We believe in power. Workers join unions to get things done, to win respect and dignity, increase their quality of life and their families’ standard of living–and power is how you get things done. Power for workers is built collectively, not individually. Even when we are organizing in nonmajority situations, we are building structure, finding and educating leaders, moving issues, trying to build and exercise power. We can and will explore the building of non-collective-bargaining alliances that enfranchise additional people in the labor movement in nontraditional ways, but that will never replace the power workers gain through collective bargaining at their work sites.
We need a long-term fight for labor law reform all can understand. It is a question of human rights and should be addressed as such. And our allies should commit themselves to such a fight with as much vigor and dedication as did the allies of the civil rights movement a generation ago.
Finally, we believe all of us, especially the AFL-CIO and the labor movement, must be willing to fight harder, to force change deeper, to take more risks, to struggle as if history were watching–because it is.
STEWART ACUFF Amherst, Mass.
Labor was strong in this country not only because it had lots of members or provided services but because it had the power through its membership to collectively bargain some measure of justice and dignity and to call strikes and cripple industries if it had to. Individual membership cannot provide this kind of worker power, and this thinking only reinforces the service orientation of many unions, which has undermined the movement orientation of unions in the past half-century. We all understand just how terrible labor law is, but given what happened in the last election, how can we believe that any meaningful labor law reform is possible in the short term? Instead of creating new structures that resemble unions, labor needs to get back to the business of movement-building. Yes, the obstacles are incredibly difficult, but are they any less than they were for African-Americans trying to obtain civil rights or farmworkers or for the victims of apartheid? Unfortunately there are no organizational shortcuts to wresting power from those who do not want to give it up. So let’s roll up our sleeves and get to work.
TOM JURAVICH, San Francisco
Barbara Ehrenreich and Thomas Geoghegan propose “lighting labor’s fire” but leave us only a few twigs to rub together. The problems are political, not organizational. Organizationally speaking, unions are quite strong–with more money, more staff, more buildings and a greater apparatus than at any time in history–yet membership remains stagnant. Labor’s great weakness is its failure to speak to the broad-ranging social and economic issues confronting most working people. That is what politics is all about. Instead, unions have deferred for decades to the Democratic Party to be that voice.
Devising creative, imaginative organizational gimmicks to overcome what is essentially labor’s political paralysis will only lead us astray or into some bizarre diversions, like those suggested by the authors.
Historically, American workers have shed more blood to organize unions than our European brothers and sisters. Nothing would stop workers from again flooding into union halls when unions are seen as genuinely speaking and organizing for the vital issues that affect their day-to-day lives. Once labor regains its voice, independent of corporations and government, it will also regain the allegiance of the American worker.

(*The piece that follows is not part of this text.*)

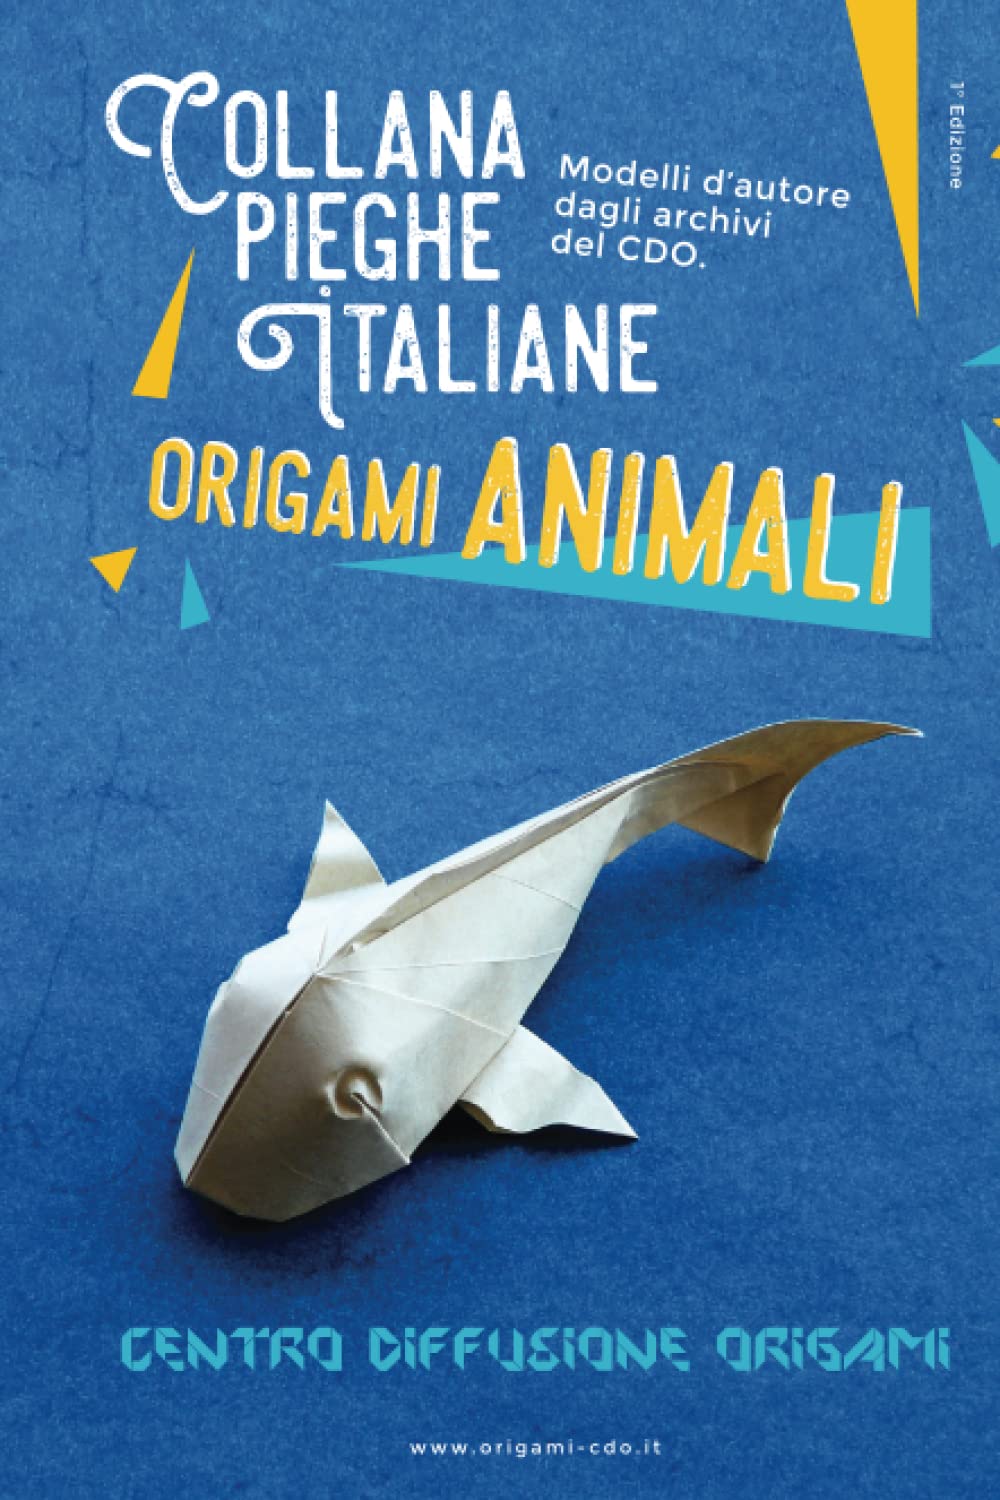 Collana pieghe Italiane - origami ANIMALI : page 134.
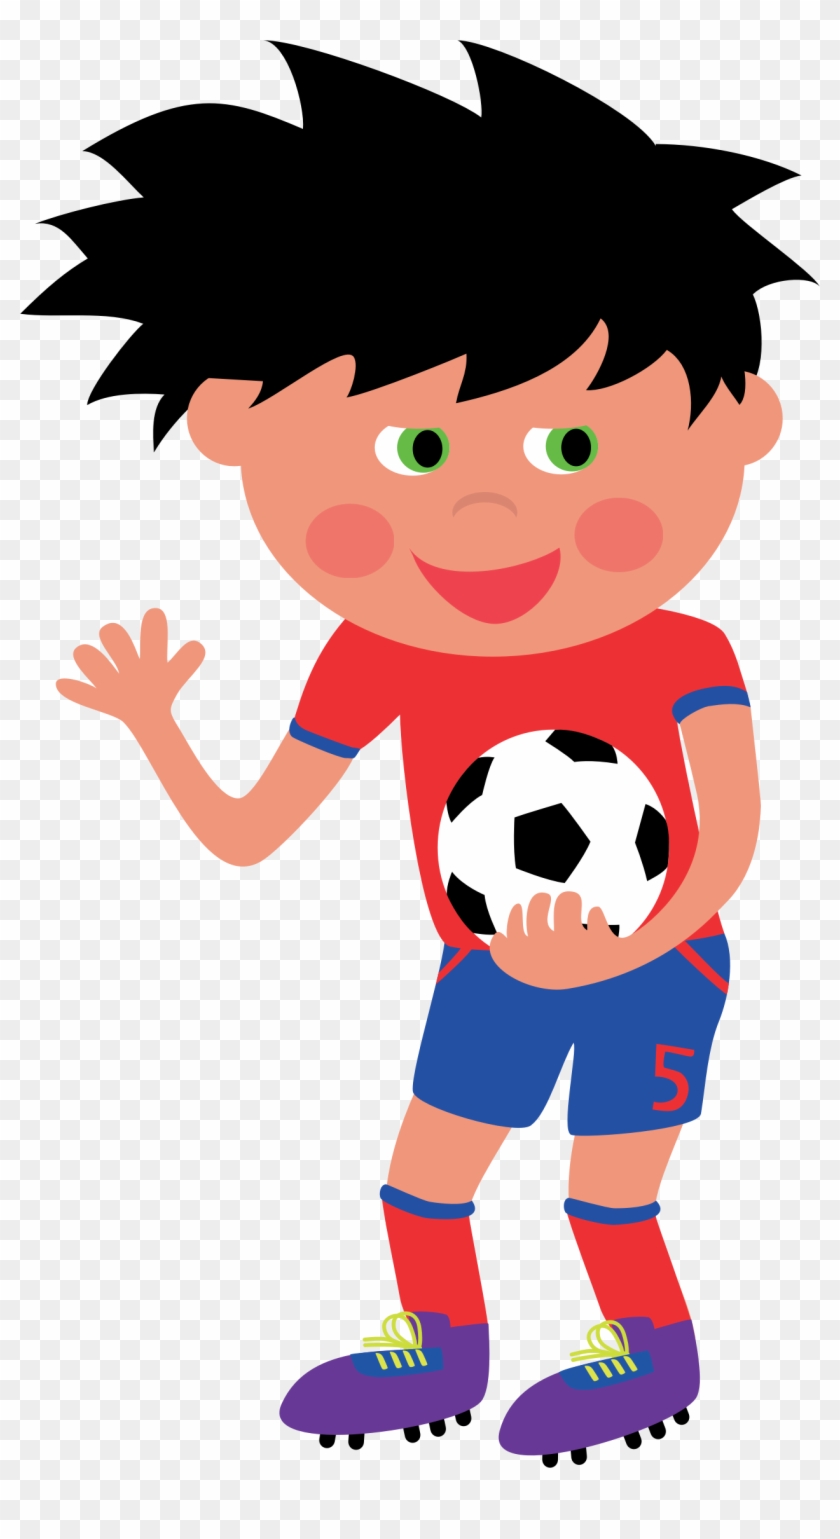 Мальчик с футбольным мячиком

CARL FINAMORE Springfield, Mass.
What labor really has to do to get back on its feet is to become partners with local community groups in launching and carrying out campaigns that seek to make major changes or improvements in some vital aspect of the community–whether it is requiring some accountability or reciprocity to the community for tax breaks and other privileges granted to those doing business there; or the community supporting labor agreements on construction projects in return for labor aggressively recruiting the disadvantaged into building trades apprenticeships, or the central labor council, community groups, churches or the local law school; or others coming together to create a comprehensive workers’ center that will offer many kinds of services to workers, union and nonunion, including training, education, childcare, organizing support, legal advice or labor history resources, and creating the kind of place to nourish solidarity and the community we wish to create.
As labor more and more becomes part of the community–and this has been taking place in many parts of the country–it will gather steam as part of a larger justice movement, and the power of that larger movement is what will make change more likely, starting at the local level and spreading from there. And with that no doubt labor will grow. We in labor hate the label “special interest,” but it is certain that the right’s propaganda has made us appear that way in the public eye; what we need to demonstrate is that our only “special” interests are social and economic justice, and that we are prepared to join with anyone with genuine aspirations for the same.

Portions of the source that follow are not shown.